Filter and map operations in Kafka - Time & Space Complexity
We want to understand how the time it takes to run filter and map operations changes as the data grows.
How does the number of items affect the work done by these operations?
Analyze the time complexity of the following code snippet.
val numbers = List(1, 2, 3, 4, 5, 6, 7, 8, 9, 10)
val evenNumbers = numbers.filter(n => n % 2 == 0)
val doubled = evenNumbers.map(n => n * 2)
This code filters even numbers from a list and then doubles each filtered number.
Identify the loops, recursion, array traversals that repeat.
- Primary operation: Traversing the list twice: once for filter, once for map.
- How many times: Each operation goes through all items in the list once.
As the list gets bigger, the work grows because each item is checked and then processed.

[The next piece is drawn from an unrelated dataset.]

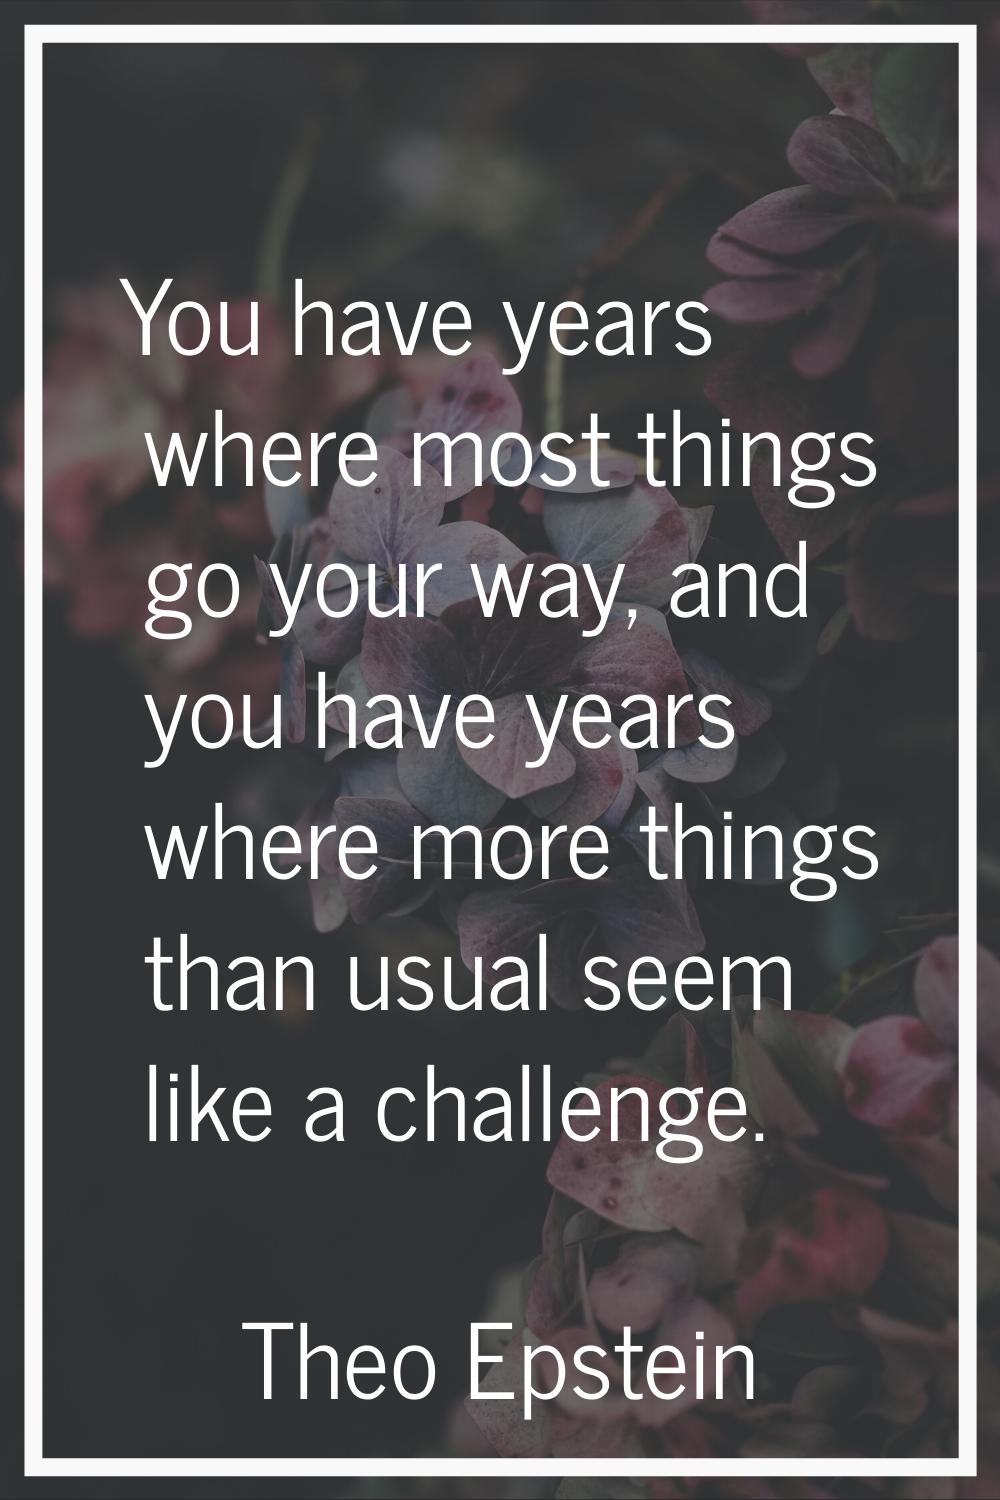 You have years where most things go your way, and you have years where more things than usual seem

| Input Size (n) | Approx. Operations |
|---|---|
| 10 | About 20 (10 for filter + 10 for map) |
| 100 | About 200 (100 for filter + 100 for map) |
| 1000 | About 2000 (1000 for filter + 1000 for map) |
Pattern observation: The total work grows roughly twice as fast as the input size.
Time Complexity: O(n)
This means the time to run filter and map grows in a straight line with the number of items.
[X] Wrong: "Filter and map together make the time complexity O(n²) because they are two steps."
[OK] Correct: Each step goes through the list once, so the total work adds up, not multiplies. This keeps it linear, not squared.
Understanding how filter and map scale helps you explain how data processing pipelines work efficiently in real projects.
"What if we combined filter and map into one step? How would the time complexity change?"